The performance comparison analysis of different attack methods.

Firstly, the experimental results clearly demonstrate that DFML can effectively enhance attack performance, showing improvements across all three-evaluation metrics. The Top K method significantly reduces the FID and KNN values, indicating that Top K indeed provides higher quality latent vectors. Secondly, the attack strategy that combines DFML and Top K optimization methods achieved the lowest FID value, dropping below 20, and performed well in terms of attack accuracy, improving by 4% compared to the original model. This result fully confirms the synergistic effect when using both optimization methods in combination. Lastly, the complete method we propose closely approaches the attack performance of the original model node provided by PLG_MI across all three-evaluation metrics. Despite being trained on an incomplete dataset, its performance is comparable to that of the original model trained on a complete dataset, further demonstrating the effectiveness and robustness of our optimization methods.

Conclusion

This paper proposes an enhanced model inversion attack method. First, we inserted a frequency-domain decoupling module into the cGAN and fused its output with label-embedded features to explicitly separate low-frequency and high-frequency components.

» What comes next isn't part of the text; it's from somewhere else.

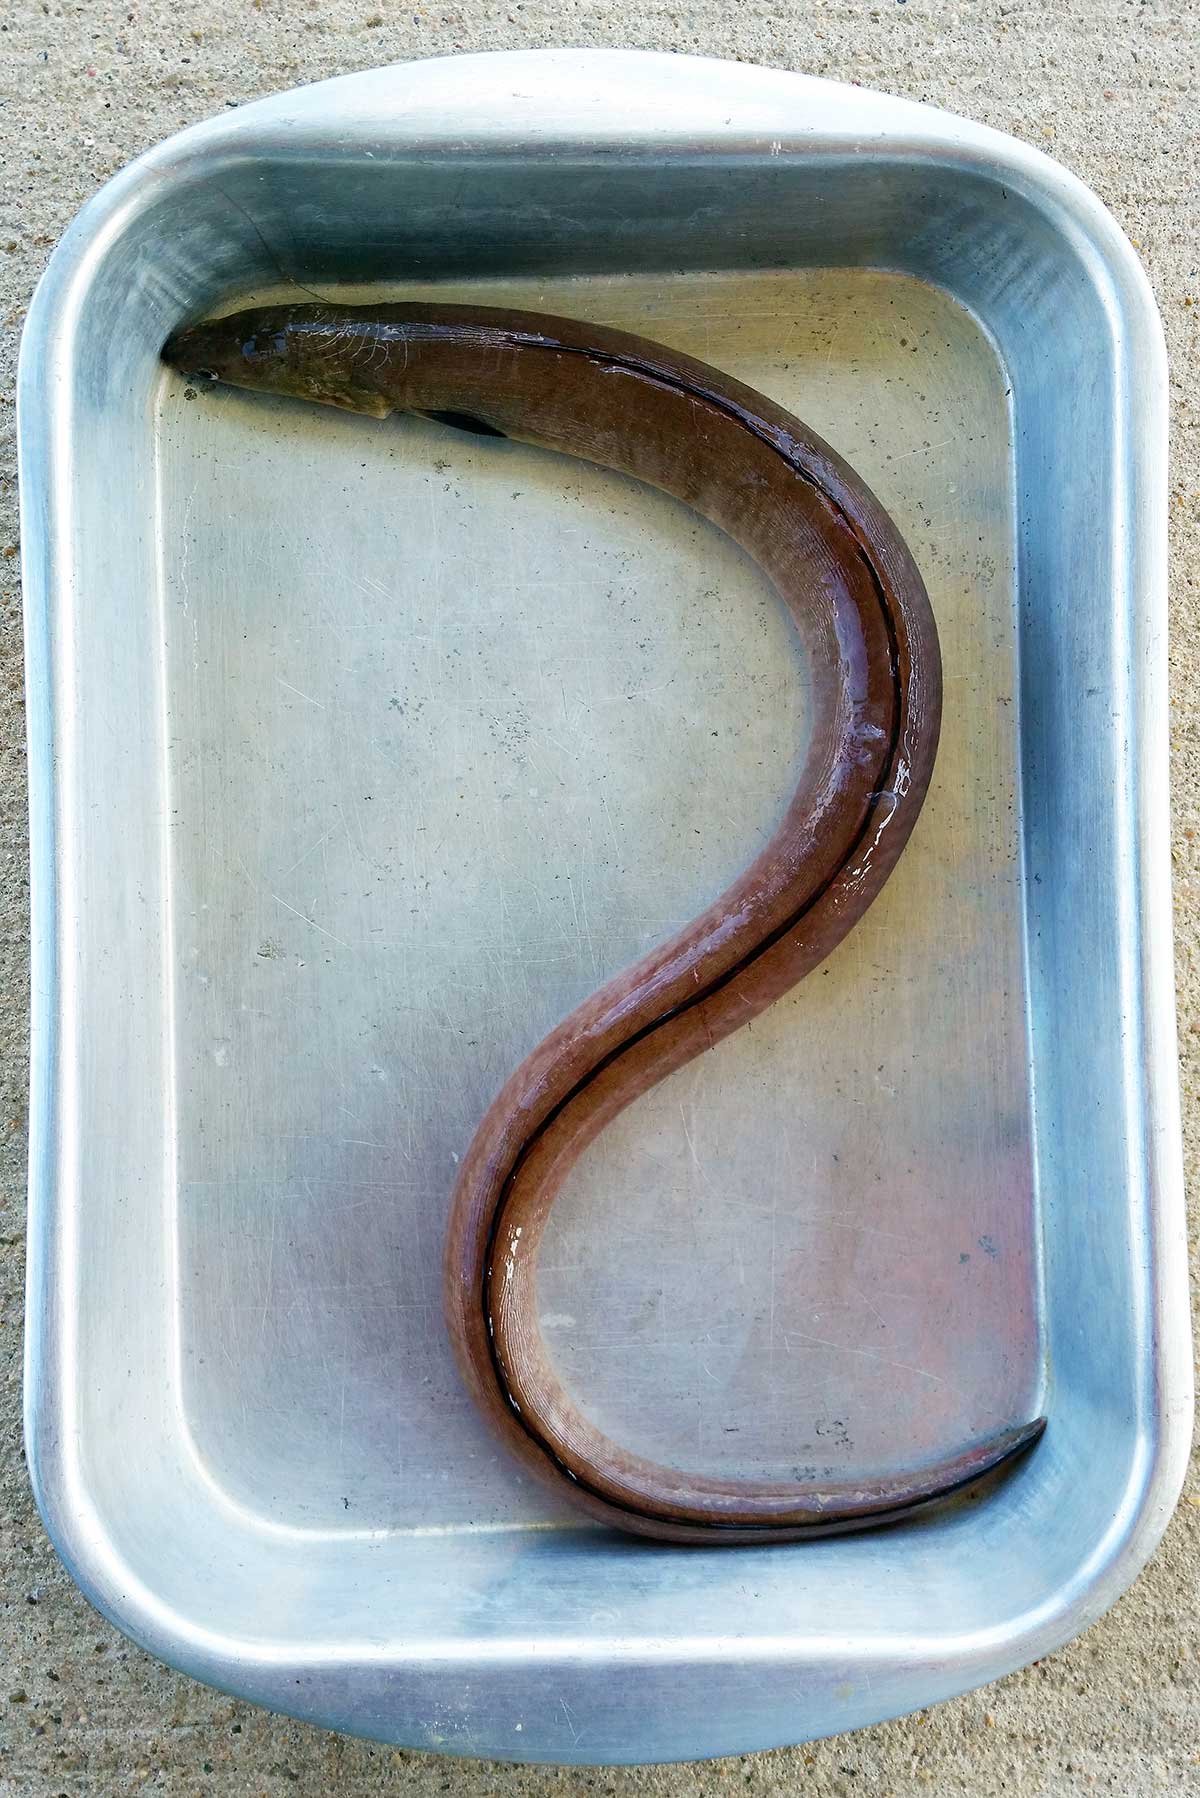 An eel in a pan

This allows the generator to learn low-frequency and high-frequency cues for specific categories separately, preventing entanglement that degrades image fidelity. Second, we introduced the Top K category center latent initialization method, which firmly anchors the starting point of optimization within the semantic manifold, effectively suppressing the “runaway” phenomenon of trading high confidence for unrealistic samples. Finally, we proposed a dynamic focal boundary loss function to compensate for the insufficient exploration of hard examples during the optimization process. Extensive experiments demonstrate that this method achieves consistent performance improvements across various model architectures and application scenarios. Future work includes extending the approach to black-box attacks and model inversion attack defense.

(1) Optimization algorithm improvement: Under the black-box model, attackers cannot rely on the gradient information of the target model for optimization. Therefore, the design of efficient optimization algorithms is crucial. In the future, we will explore heuristic optimization algorithms29,30, such as genetic algorithms. These algorithms can efficiently search for optimal solutions in complex optimization spaces without relying on gradient information, thereby achieving efficient attack optimization. (2) Query efficiency optimization: To cut query costs, we can first pinpoint the image regions that most black-box models rely on. Next, we train (or fine-tune) the generator to keep features in those regions close to the target model’s manifold31. During attack we restrict zero-order optimization32 to the latent vectors tied to these fixed spots, adjusting only them to produce high-fidelity reconstructions while keeping the number of black-box queries as low as possible.

Defense strategies: (1) The attack process can be incorporated into the training process of the recognition model, enabling the model to learn how to resist inversion attacks during the training phase and thus possess stronger attack resistance in practical applications. (2) Model inversion attack detection technology can be developed to monitor and identify suspicious attack behaviors in real time. When potential attacks are detected, corresponding defense measures can be taken to counteract them.